UCLA

Recent works have shown that SNP heritability-which is dominated by low-effect common variants-may not be the most relevant quantity for localizing high-effect/critical disease genes. Here, we introduce methods to estimate the proportion of phenotypic variance explained by a given assignment of SNPs to a single gene ("gene-level heritability"). We partition gene-level heritability by minor allele frequency (MAF) to find genes whose gene-level heritability is explained exclusively by "low-frequency/rare" variants (0.5% ≤ MAF < 1%). Applying our method to ∼16K protein-coding genes and 25 quantitative traits in the UK Biobank (N = 290K "White British"), we find that, on average across traits, ∼2.5% of nonzero-heritability genes have a rare-variant component and only ∼0.8% (327 gene-trait pairs) have heritability exclusively from rare variants. Of these 327 gene-trait pairs, 114 (35%) were not detected by existing gene-level association testing methods. The additional genes we identify are significantly enriched for known disease genes, and we find several examples of genes that have been previously implicated in phenotypically related Mendelian disorders.

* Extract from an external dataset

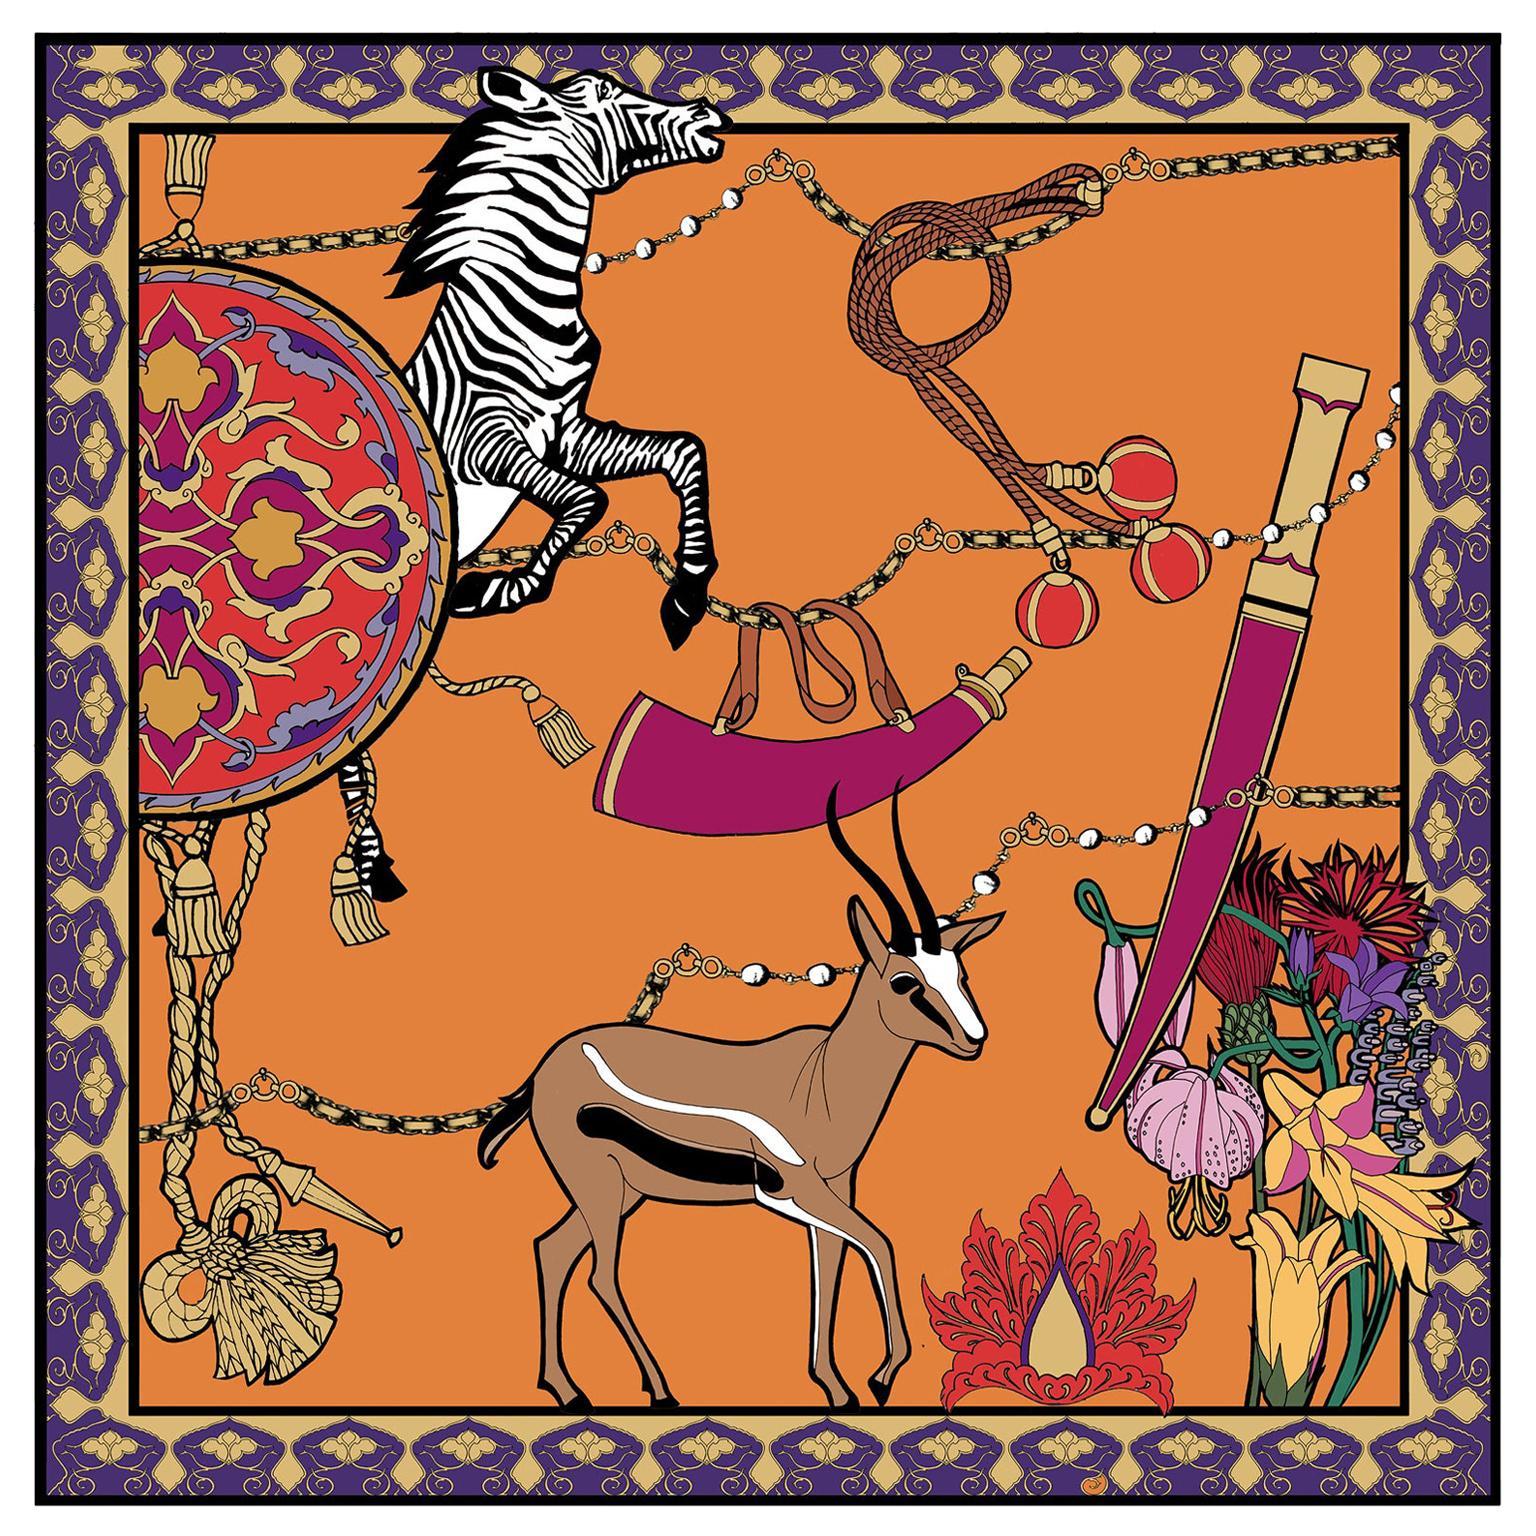 Les Ottomans Zebra & Gazelle Patterned Silk Turkish Scarves by Alessio Nessi

Notably, the rare-variant component of gene-level heritability exhibits trends different from those of common-variant gene-level heritability. For example, while total gene-level heritability increases with gene length, the rare-variant component is significantly larger among shorter genes; the cumulative distributions of gene-level heritability also vary across traits and reveal differences in the relative contributions of rare/common variants to overall gene-level polygenicity. While nonzero gene-level heritability does not imply causality, if interpreted in the correct context, gene-level heritability can reveal useful insights into complex-trait genetic architecture.